However, it is essential in the known spray heads for aerosol containers used in millions that the discharge direction of the fluid for spraying is approximately at right angles to the axial fluid exit direction defined by the usual female or male fluid outlet valve on the aerosol container. This has to do with handling. An operator holds the fluid container (can) of the aerosol container with three fingers and the thumb and presses with his index finger from the top of the spray head to actuate the fluid outlet valve of the aerosol container. This is usually a normal seat valve or stem valve, which has also been known for decades in a variety of variants. Depressing the spray head by finger pressure from above to open the fluid exit valve prohibits axial fluid leakage and dictates a substantially perpendicularly directed fluid exit.

In known classical spray heads aerosol containers are used with conventional fluid outlet valves. Conventional fluid outlet valves for aerosol canisters have a spring-loaded valve body which can be pressed downwards into the open position against the bias by the valve spring. This occurs in a female fluid outlet valve by a valve stem of the spray head entering into a receptacle at the upper end of a valve carrier. In a male fluid outlet valve, an upwardly projecting valve stem is part of the valve body. The spray head has a corresponding receptacle for this valve lifter. The depression of the valve stem opens the fluid outlet valve.

A spray head for an aerosol container with an untypical fluid outlet valve is known (US Pat. US 2,592,808 A ). Here the fluid outlet valve is part of the spray head. This spray head itself has a down into the fluid container in reaching immersion tube, in which a capillary far into the Fluid tank extends into it. The capillary itself, together with a sliding guide, represents the fluid outlet valve. In the spray head, the capillary is arranged running from the inlet end to the outlet end in an arc of approximately 90 °, whereby the curved path is ensured by interlocking external and internal guides. This construction is generally not suitable for aerosol containers with conventional fluid outlet valves.

The teaching is based on the problem, the known spray head with capillary for an aerosol container with a conventional fluid outlet valve in such a way and further develop that the typical operation of known spray heads can also be realized here.

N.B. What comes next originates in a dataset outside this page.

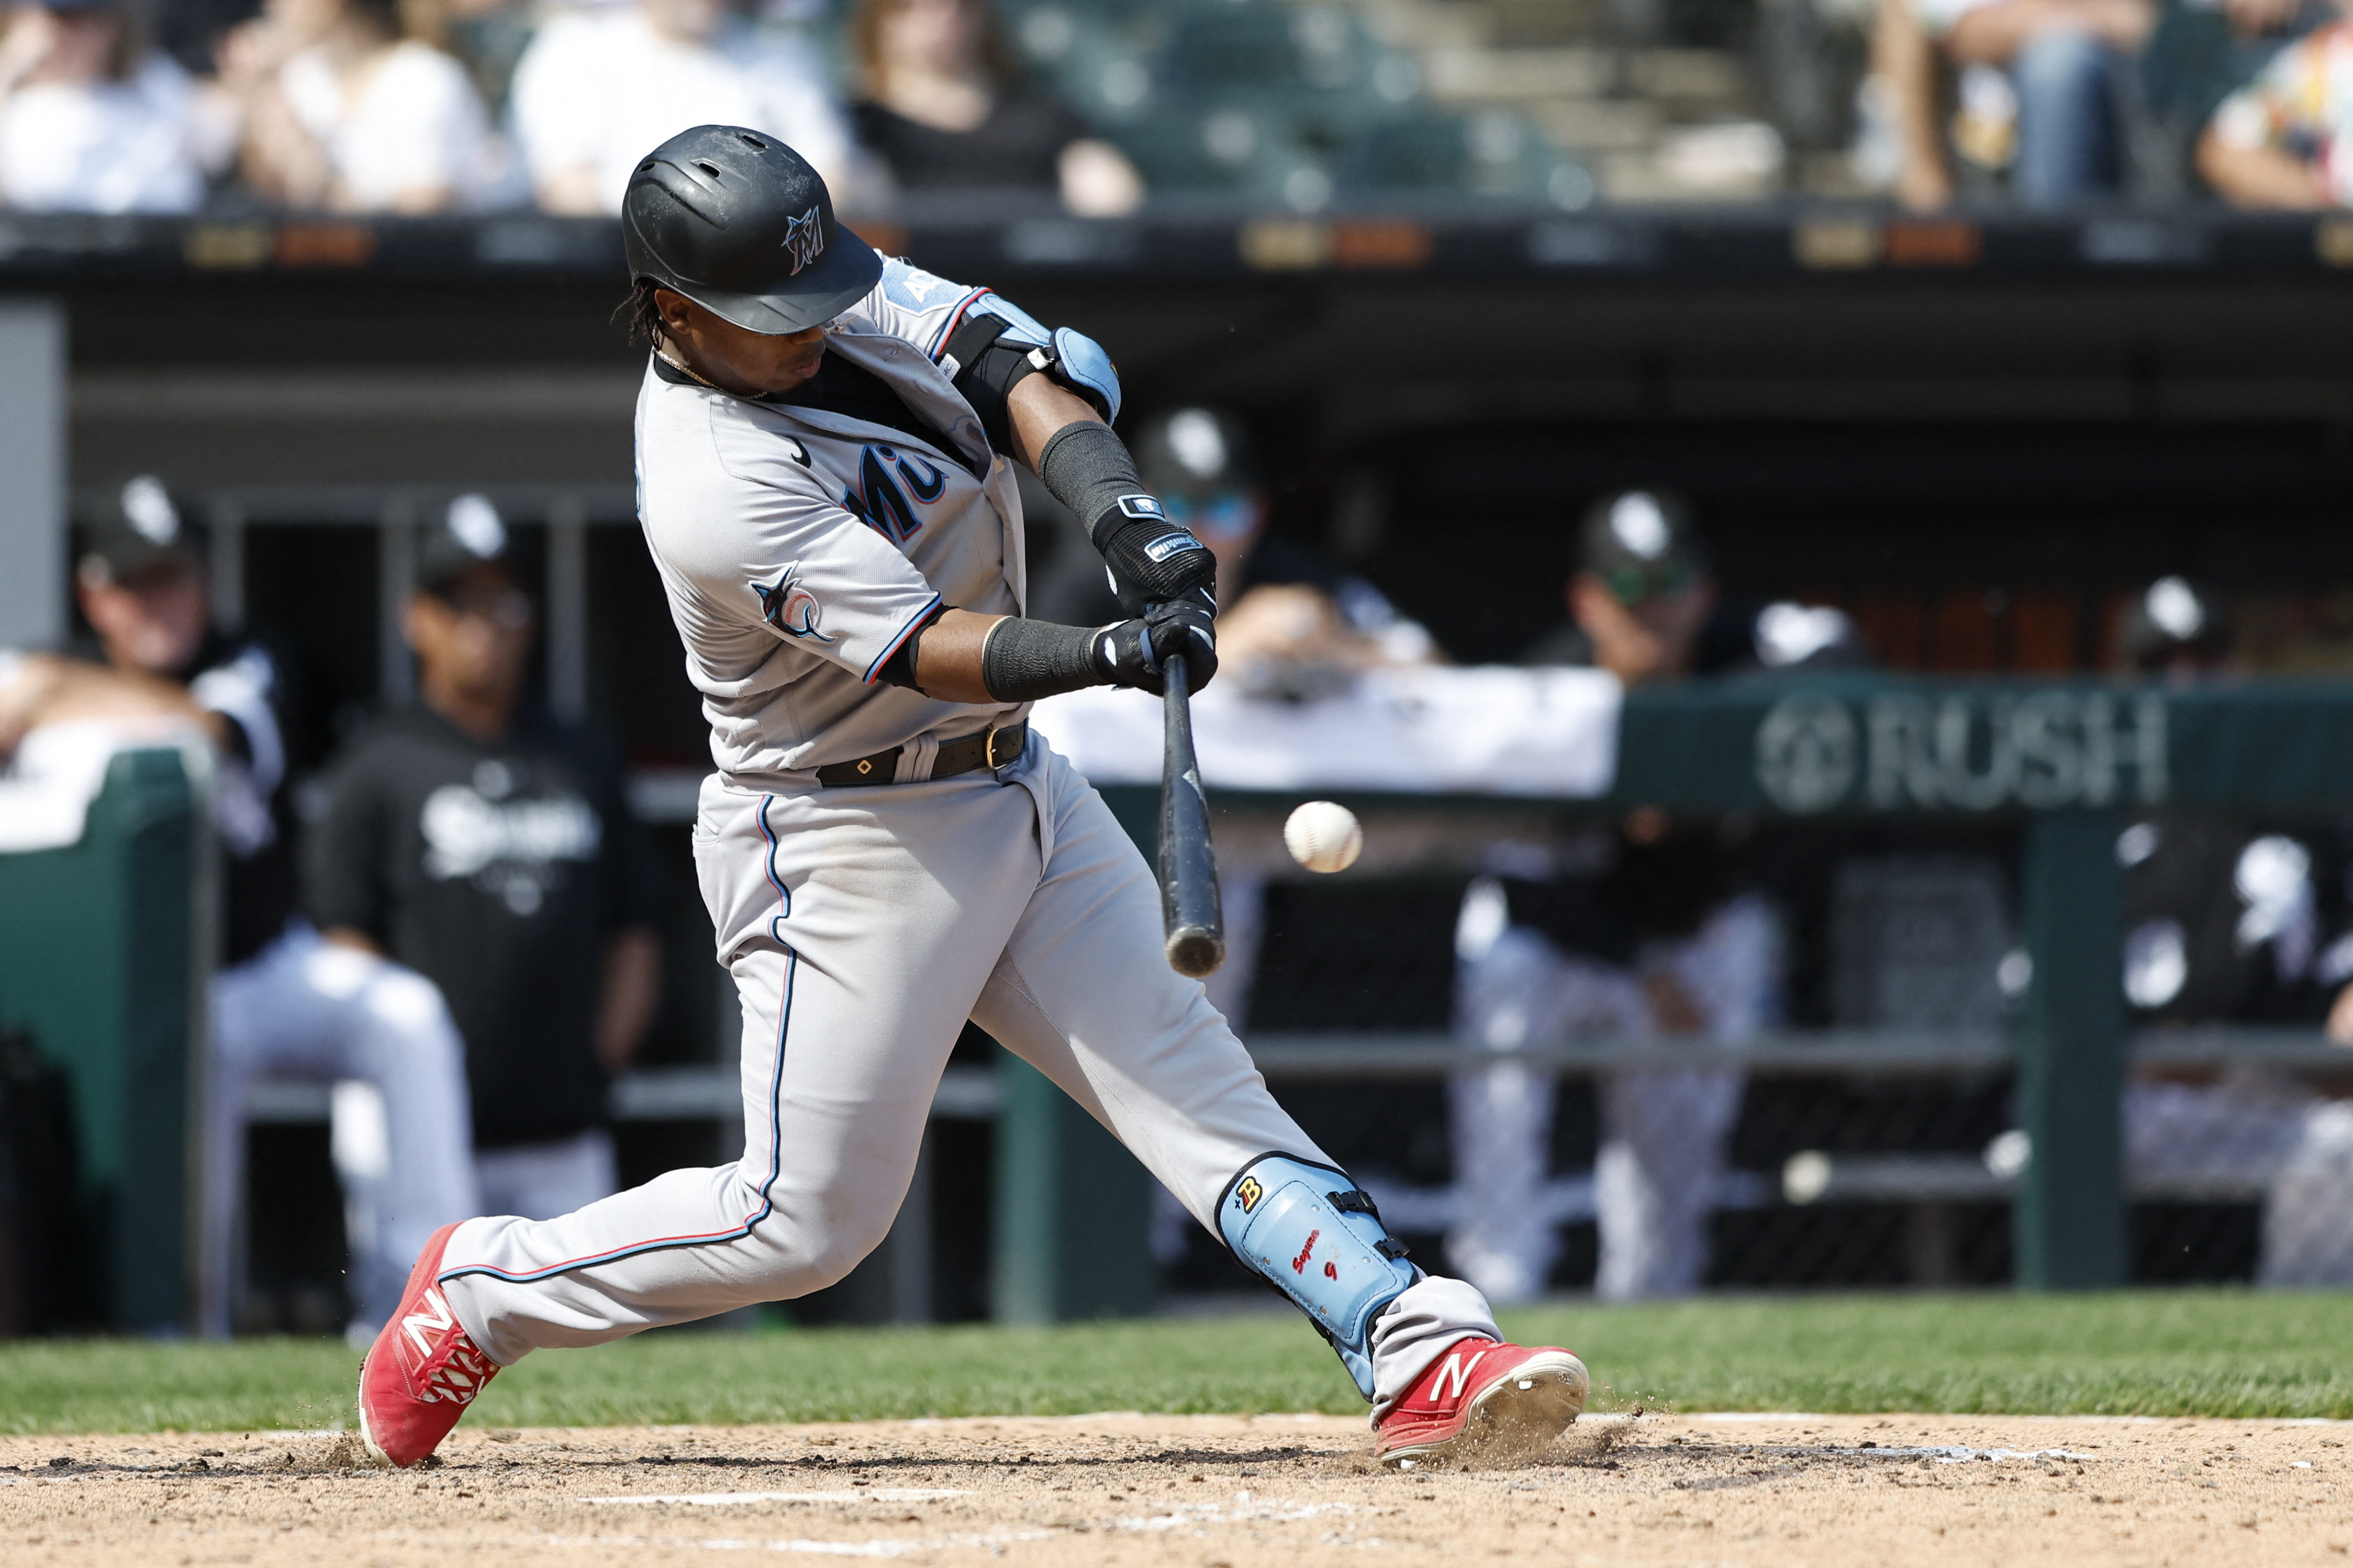 Jean Segura helps Miami Marlins rally past Chicago White Sox for 5

The above-indicated problem is solved in a spray head with the features of the preamble of claim 1 by the features of the characterizing part of claim 1.

It is essential that the spray head itself provides the guide to force the capillary, which in itself has an elongated, straight shape, in the necessary arc to realize the correct orientation of the outlet end of the capillary. In this case, the spray head is an independent component which ends in a conventional female fluid outlet valve in a valve stem into which the capillary extends, ends in a conventional male fluid outlet valve in a receptacle in which extends the capillary.

Preferred embodiments and further developments of the teaching according to the invention are the subject of the dependent claims.

Of particular importance is also the exact dimensioning of the capillary, which is described in claim 4.

Of particular importance is also the embodiment of claim 6, which ensures a closed leadership of the capillary at least on the inside or on the outside.

Finally, it is particularly preferred that the capillary is embodied in one piece as mentioned in claim 12.

The invention also relates to an aerosol container having a fluid container and a fluid outlet valve attached thereto on the top side and closing the fluid container and having a spray head mounted on the fluid container with the features of one or more of the claims relating to the spray head.

Fig. 1

im Schnitt ein erstes Ausführungsbeispiel eines erfindungsgemäßen Sprühkopfes für ein weibliches Fluidaustrittsventil am Aerosolbehälter,

Fig. 2

ein Ausführungsbeispiel eines erfindungsgemäßen Sprühkopfes, nunmehr für ein männliches Fluidaustrittsventil, ansonsten wie Fig. 1,

Fig. 3

ein weiteres Ausführungsbeispiel eines erfindungsgemäßen Sprühkopfes, hier für ein weibliches Fluidaustrittsventil, gleichzeitig der Aerosolbehälter mit angedeutet,

Fig. 4

einen zweiteiligen, erfindungsgemäßen Sprühkopf im Schnitt,

Fig. 5

ein weiteres Ausführungsbeispiel eines erfindungsgemäßen Sprühkopfes in einer prinzipiellen Darstellung,

Fig. 6

ein weiteres Ausführungsbeispiel eines erfindungsgemäßen Sprühkopfes mit einer integrierten, vom Sprühkopf selbst gebildeten Kapillare in auseinander gezogener Darstellung,

Fig. 7

den Sprühkopf aus Fig. 6 in zusammengesetzter Darstellung,

Fig. 8

eine Ansicht des Sprühkopfs aus Fig. 7 von links in Fig. 7 und

Fig. 9

einen Ausschnitt der Darstellung aus Fig. 8 mit einer anderen Kontur der integral ausgeformten Kapillare.

Moreover, the teaching and its preferred embodiments and further developments will be explained and described below in connection with the explanation of preferred embodiments with reference to the drawing. In the drawing shows

Fig. 1

in section a first embodiment of a spray head according to the invention for a female fluid outlet valve on the aerosol container,

Fig. 2

an embodiment of a spray head according to the invention, now for a male fluid outlet valve, otherwise as Fig. 1 .

Fig. 3

a further embodiment of a spray head according to the invention, here for a female fluid outlet valve, at the same time the aerosol container indicated,

Fig. 4

a two-part, spray head according to the invention in section,

Fig. 5

a further embodiment of a spray head according to the invention in a schematic representation,

Fig. 6

a further embodiment of a spray head according to the invention with an integrated, formed by the spray head itself capillary in exploded view,

Fig. 7

the spray head off Fig. 6 in composite representation,

Fig. 8

a view of the spray head Fig. 7 from the left in Fig. 7 and

Fig. 9

a section of the presentation Fig. 8 with a different contour of the integrally formed capillary.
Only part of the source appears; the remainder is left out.